I understand Noam, I was just querying and didn't really think you thought it the only way as I've read lots of your posts. As you'll know, Strings are more forgiving of tessitura in extremis (leaving timbre aside for a moment), than say wind or brass because they can control their dynamics more readily.
A 'timbral' approach to strings in scoring (crossing of lines, unusual spacings, doublings, imaginative divisi, effects etc) is an advanced approach to scoring and one that can be explored in midi too I'd say. The beauty of this of course is that because of the rich overtones throughout the string section, all manner of spacings and inventiveness has a good chance of sounding well. As always one is limited only by imagination and technique....and if you are not in your ivory tower...a deadline....


----------



## Maxtrixbass (Jan 7, 2020)

Although this was explained, it might be easier to see transposing instruments from a player's perspective.

If I learn my notes/scales/fingerings on an alto sax, I can keep them all for any sax I play---soprano through bari. To make up for the difference in pitch that comes out (because of the different sizes) one transposes. If I see "C" on the page it always means I put my first finger down if its a soprano or bari sax. From a player's perspective its very consistent.

Most instrumental consorts are like this. Play flute and you know the playing patterns for piccolo through bass flute. Play clarinet and you can play soprano through bass clarinet. At some time each instrumental "choir" (SATB) had a member in "concert pitch", but sometimes those get lost over time (hence no common sax today in "C").

We string players didn't get that luxury. Play a different sized instrument and you have to relearn the shapes, patterns and notes. Imagine a six string soprano guitar, alto guitar, tenor guitar, and bass guitar where once you learned one, you could hop over to any other. 

Cello has four strings just like my bass, but its like starting over again when I try to play it. If one was transposing I could keep all my familiar patterns.

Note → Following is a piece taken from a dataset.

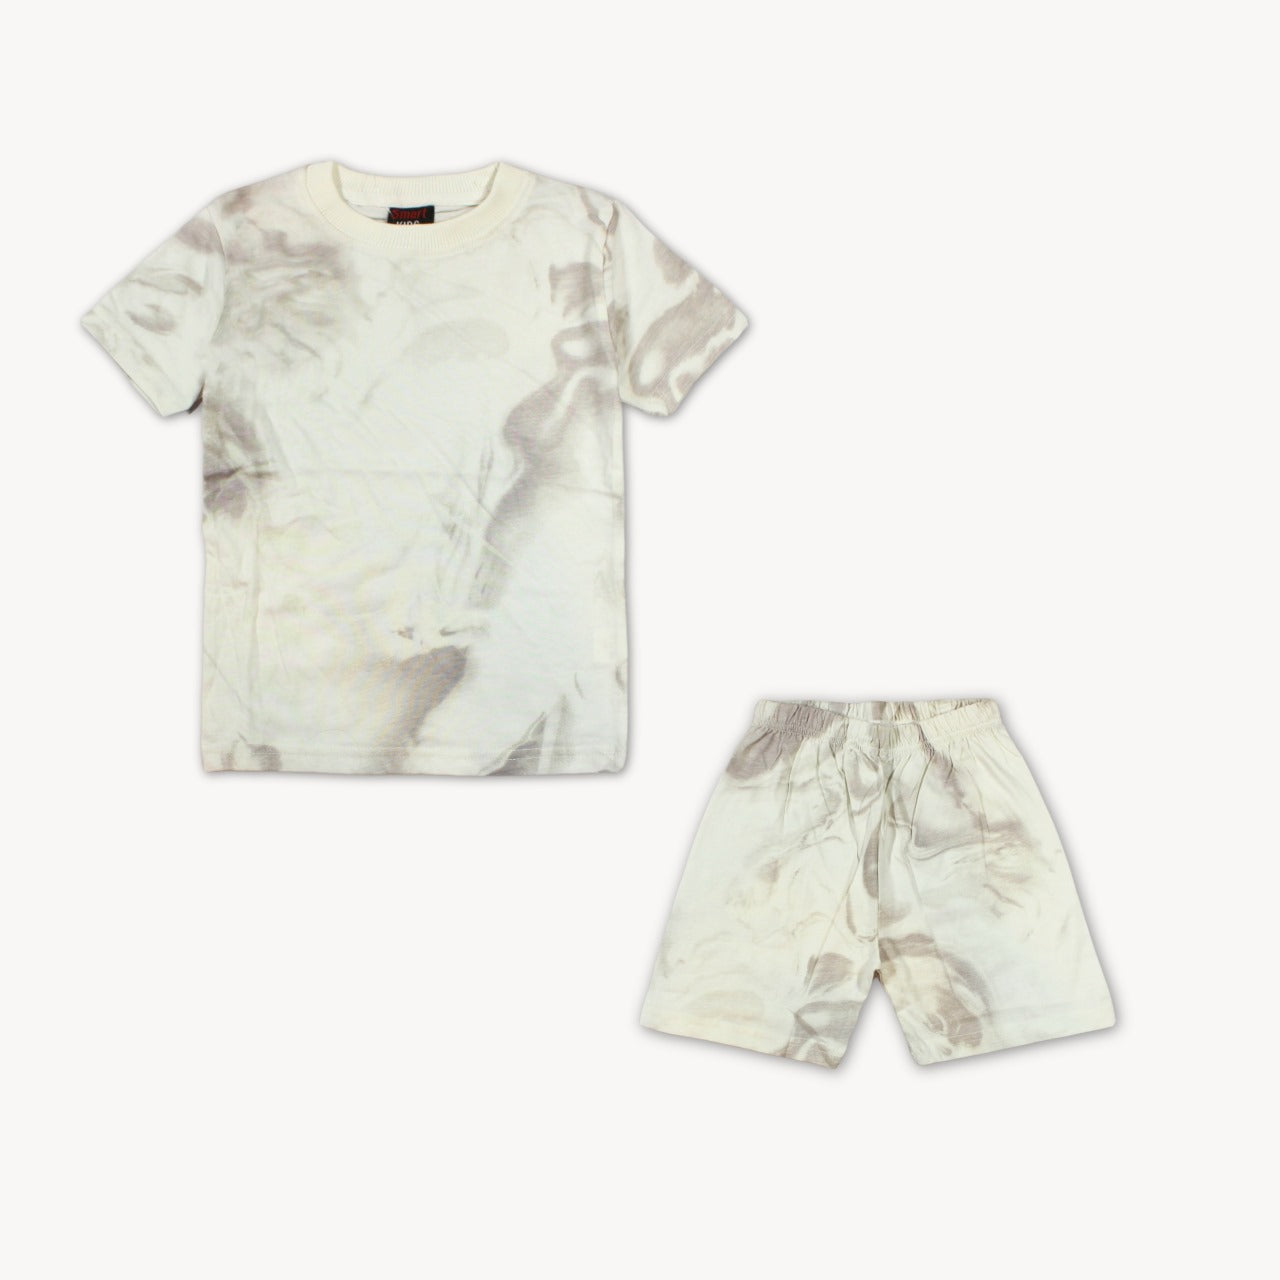 White & Brown Abstract Shirt & Short Set

Its kinda too bad we weren't all transposing instruments.


----------



## starpainter (Jan 7, 2020)

Maxtrixbass said:


> Imagine a six string soprano guitar, alto guitar, tenor guitar, and bass guitar where once you learned one, you could hop over to any other.


Actually, they do exist nowadays


----------



## starpainter (Jan 8, 2020)

Rodney Money said:


> Concerning keys, a professional should never complain about the key. If I had a part that was in E Major, I would simply play it on another trumpet, (example Trumpet in C or D) besides a Bb to avoid F sharp, but my fingers are fine with F sharp also. I just performed a recital this past December with a piece in that key because I wanted to play it on my rotary cornet in Bb.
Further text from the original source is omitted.